'''
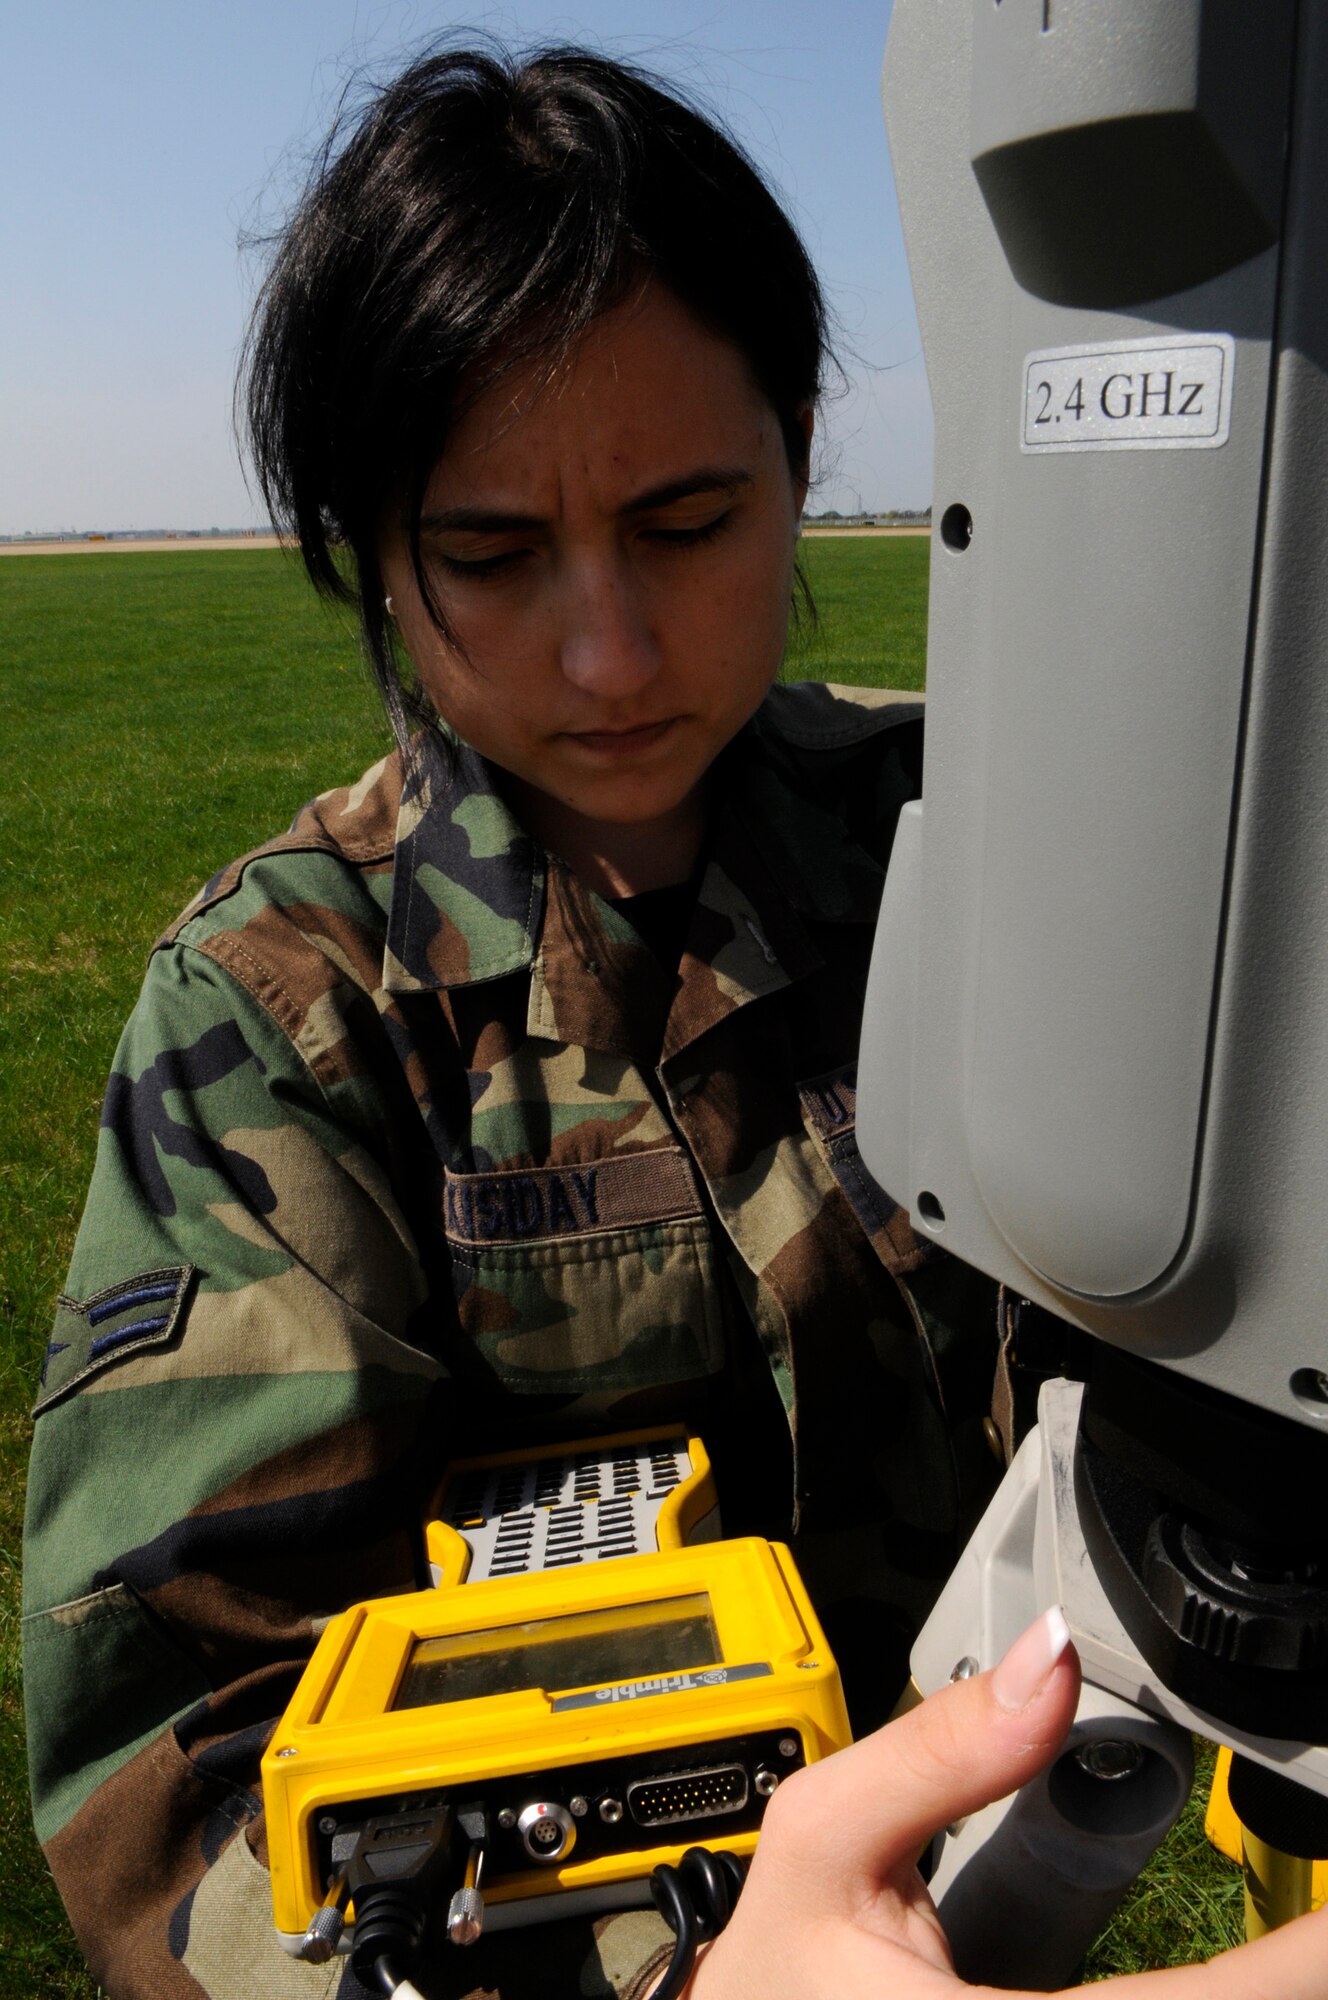 Airman 1st Class Angela Kisiday, 100th Civil Engineer Squadron Geo-Base technician, calibrates her surveying equipment at RAF Mildenhall, April 21.  Geo-base technicians go through four months of technical training as well as on-the-job training in order to provide first-rate surveying to Air Force bases worldwide.  (U.S. Air Force photo by Senior Airman Christopher L. Ingersoll)
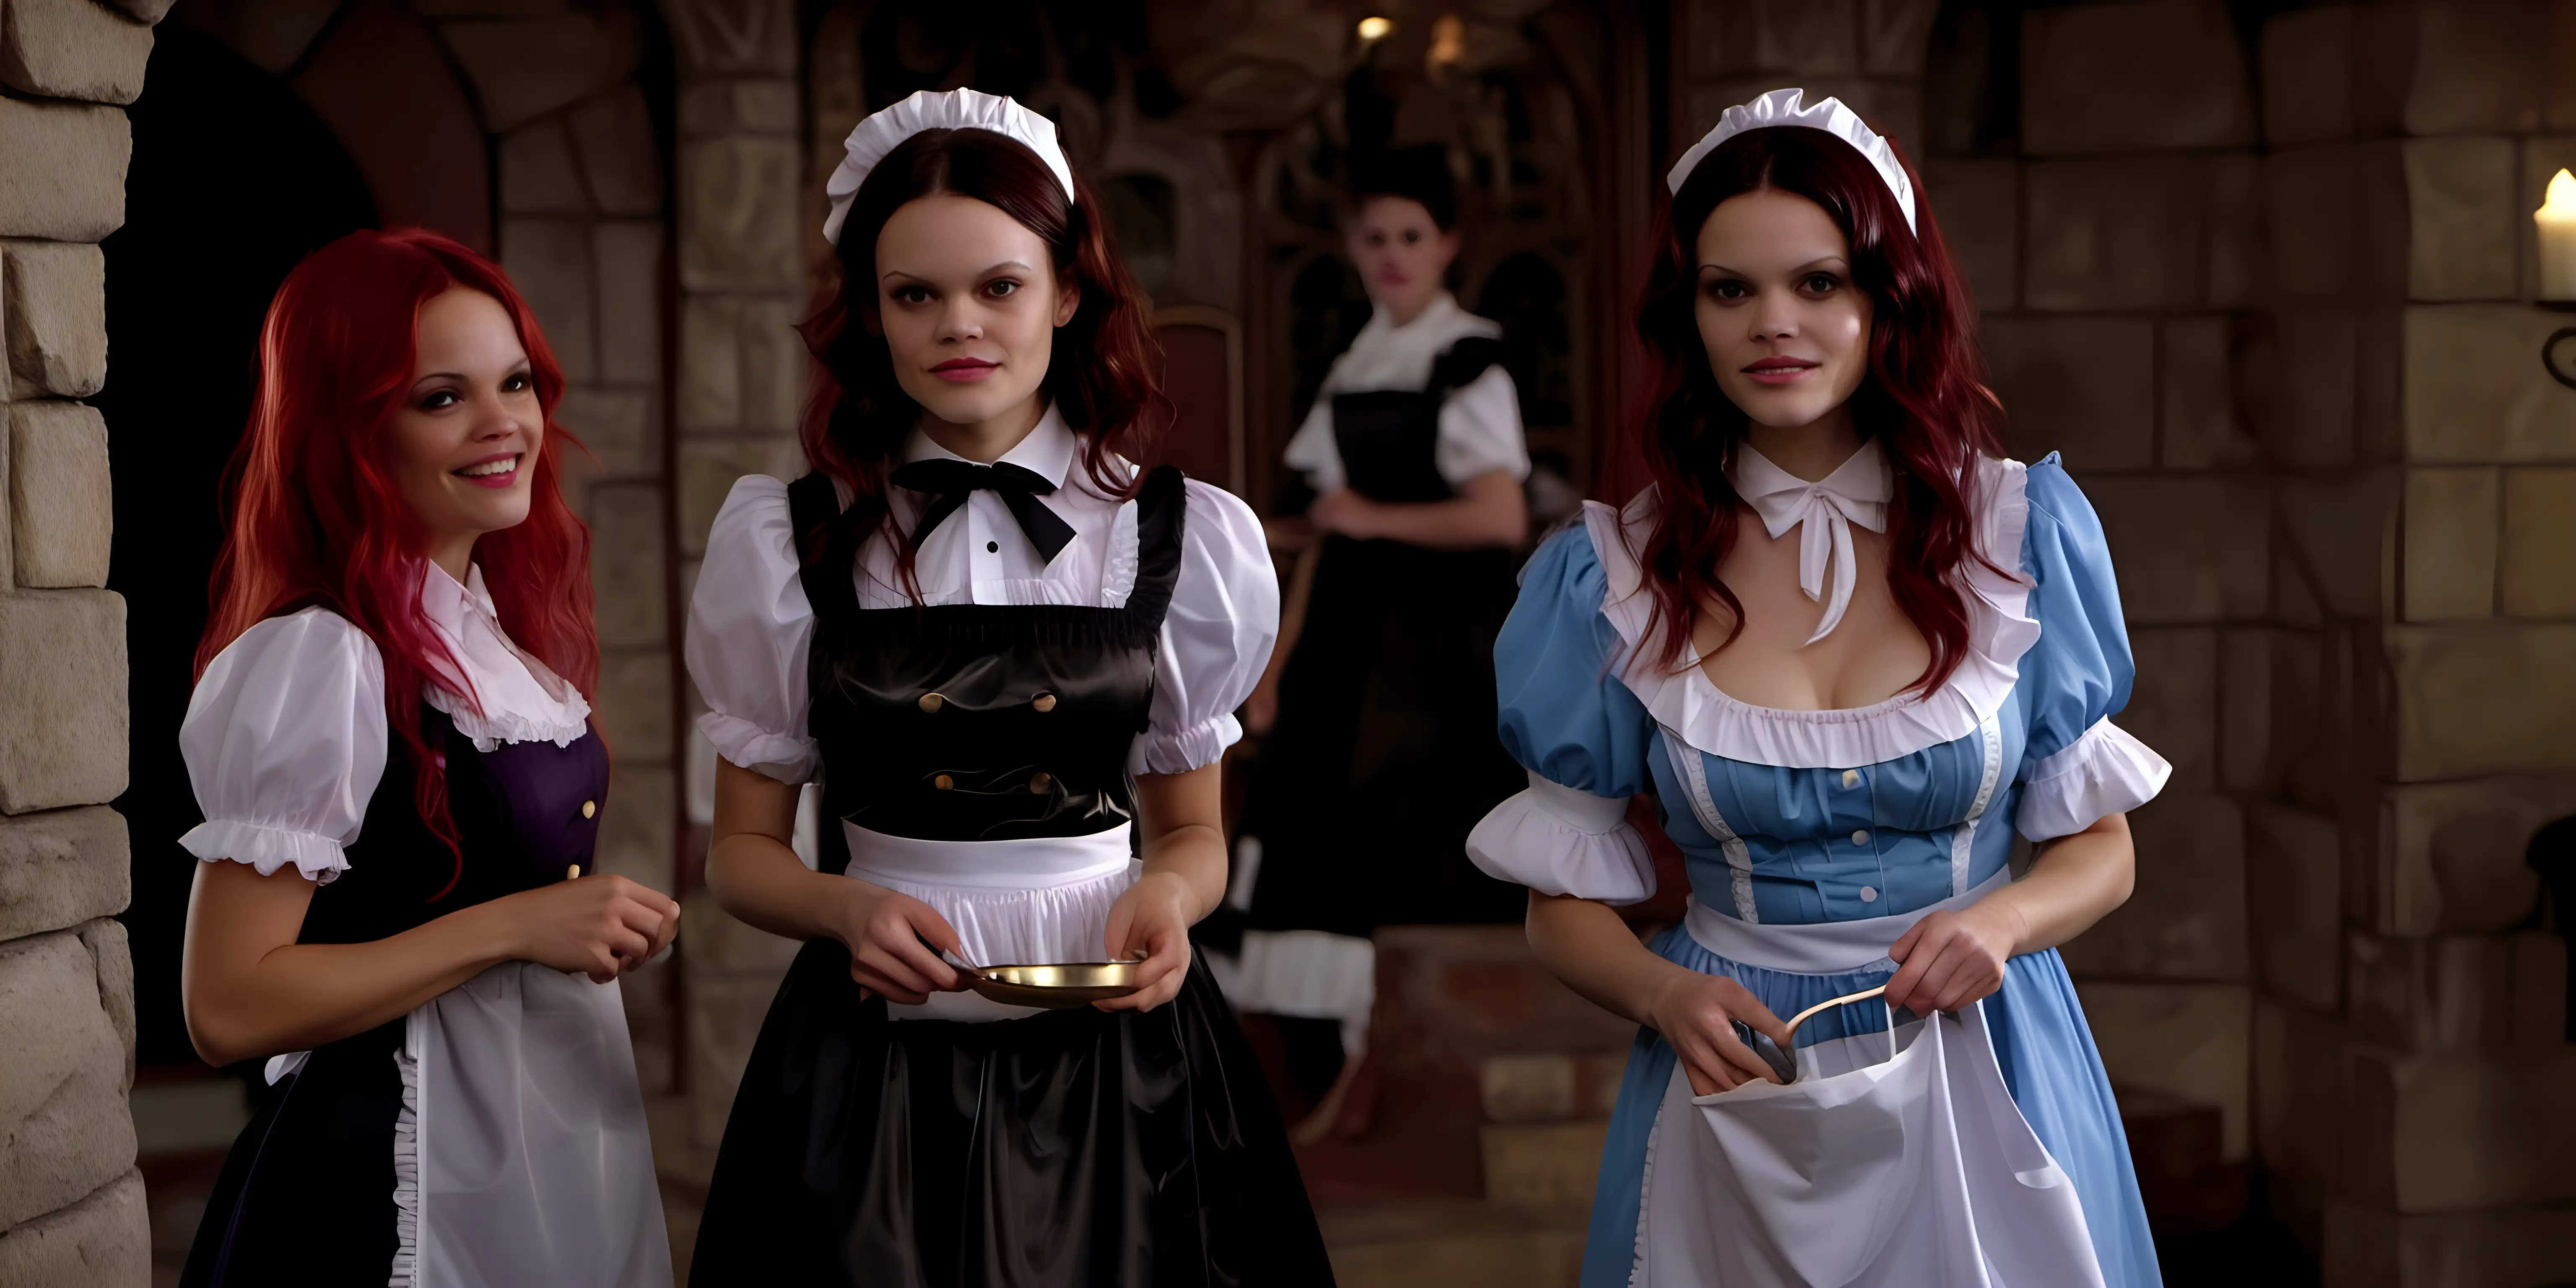 girls in long crystal silk retro strong style sky BLUE and lila
french and victorian maid gown with apron and peter pan colar and long and short sleeves costume and milf mothers long blonde and red hair,black hair Rachel Bilson  smile in castle
'''
Task to carry out → Go through the listing and restate each line word for word, leaving out the pictures.

Reply to the task →
 Airman 1st Class Angela Kisiday, 100th Civil Engineer Squadron Geo-Base technician, calibrates her surveying equipment at RAF Mildenhall, April 21.  Geo-base technicians go through four months of technical training as well as on-the-job training in order to provide first-rate surveying to Air Force bases worldwide.  (U.S. Air Force photo by Senior Airman Christopher L. Ingersoll)
 girls in long crystal silk retro strong style sky BLUE and lila
french and victorian maid gown with apron and peter pan colar and long and short sleeves costume and milf mothers long blonde and red hair,black hair Rachel Bilson  smile in castle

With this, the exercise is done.